Losses are basically the difference between income and expenditure where the expenditure exceeds the income for the period of the accounts. The accounts of a company must show the income and the expenditure which relate precisely to the period of the accounts.

Example

Accounts for the year 31 December 200X:

Income

£45,000

Expenditure

£55,000

Therefore loss is

£10,000

The losses amount to £10,000 but included in the figures for expenditure is £15,000 paid as a salary to a director. It is therefore arguable that the company made a profit of £5,000 before paying the director’s salary. This would be true if it was a sole trader business, but in a company directors’ salaries are a deduction from profits as directors are employees of the company. They cannot give their salary back.

It is possible for a company to make a loss on its trading activities but to make a profit on the sale of an asset, like a piece of land or equipment. Land and equipment are held for the long term and expenditure on them is not made for the current year only. However, when the asset is sold the precise profit or loss is crystallised in the current year. For both accounts and tax purposes all these losses and profits can be set off against one another.

Despite the above examples the object of being in business is to make a profit. Losses, however made, have to be paid for out of the capital in the business and will diminish the amount of money left to invest in future trading. Too many losses will starve the business of all its capital and the closure of the business will result.

Monitor your activities well and the problems caused by losses will be minimised.

JUDGING YOUR BUSINESS

The ability to know what is going on in your business cannot be emphasised enough. It enables you to plan your next moves using the experience of hindsight and gives you a clearer view of where the business is going.

This can be highlighted by producing regular, say monthly, figures. You should know your monthly sales figures and they should be broken down into products or types of sale. You can get from your books an analysis of what your expenditure is being spent on: wages, goods for resale, telephone, electricity and so on. All this information gradually builds a picture of what is happening. It shows up seasonal fluctuations. It shows what happens in the holiday month of August, when sales may be up if you sell ice cream or down if you sell overcoats. It shows what happens if the unexpected happens, like snow in August when overcoats are at a premium!

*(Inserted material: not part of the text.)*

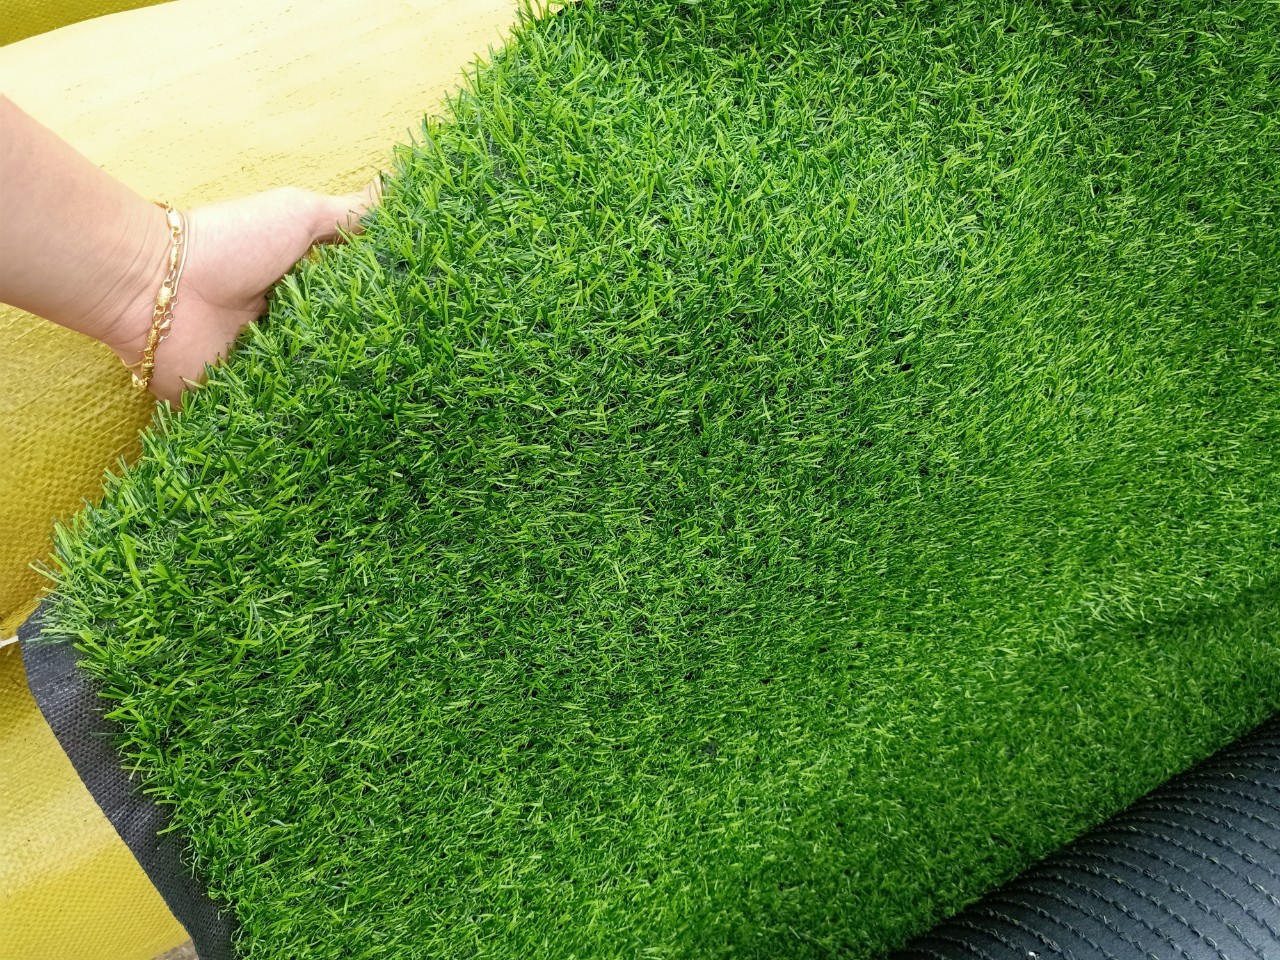 Mua cỏ nhân tạo giá rẻ tại Bắc Giang
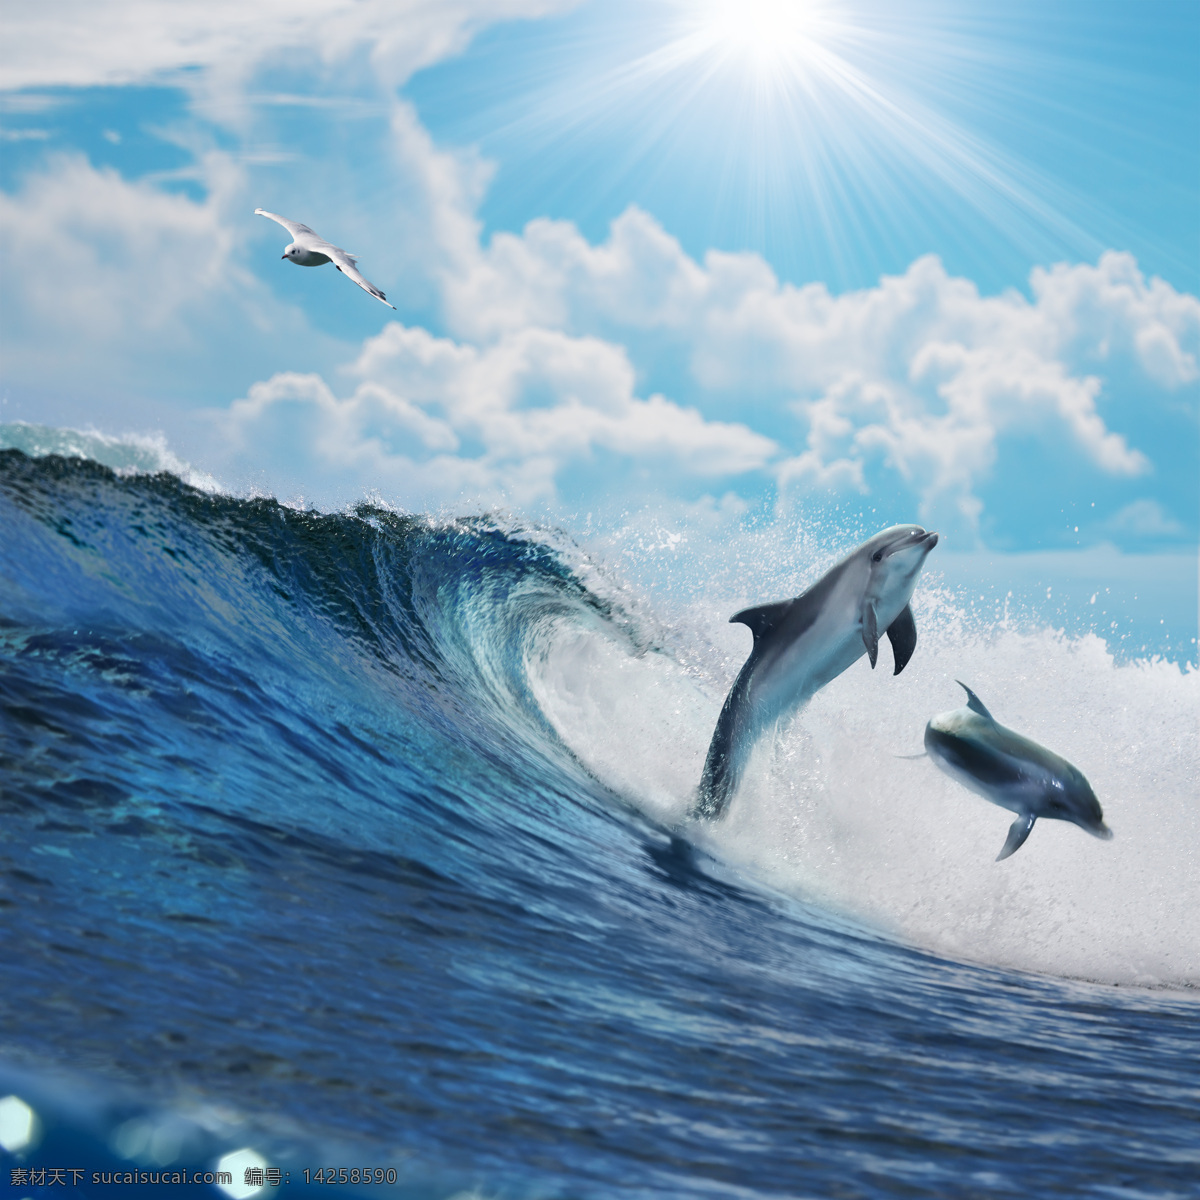 跳出 水 面的 海豚 海洋动物 海洋生物 动物世界 大海 海水 海洋海边 大海图片 风景图片

Eventually you may deem it necessary to produce a regular flow of information including a set of accounts each month which will keep you fully informed and enable you to forecast what will happen with more accuracy. You will be able to change direction with confidence if you think fit. You will be judging your business for yourself.

Armed with this information how much easier it will be to convince others that you know what you are talking about. You can visit your bank manager with your head held high knowing you can satisfy him or her with your answers. You are now in control of most events.

Case study: Dean wonders about his cash position

Although Dean has made good progress with his advertising campaign as many enquiries have come in, he is still a little worried about his cash position. The expense of the campaign is draining his resources as the orders generated are not for immediate delivery. He therefore feels he must limit the amount he is taking out of the company as salary. This will bolster the bank balance and he can always make up the amount later when business picks up.

ACTION POINTS AND REMINDERS

  • 1.Remember to keep your office organised and tidy.
  • 2.Establish the records you will keep.
  • 3.Records of sales and purchases should be kept if both are on credit.
  • 4.Initially keep only essential records and do not waste time on unnecessary information.
  • 5.Regularly check on your cash position.
  • 6.Will your company need an auditor?
  • 7.If not who will prepare your accounts?
  • 8.Have you got sufficient information to judge your business success?
  • 9.Check to see if your company making a loss on any of its activities.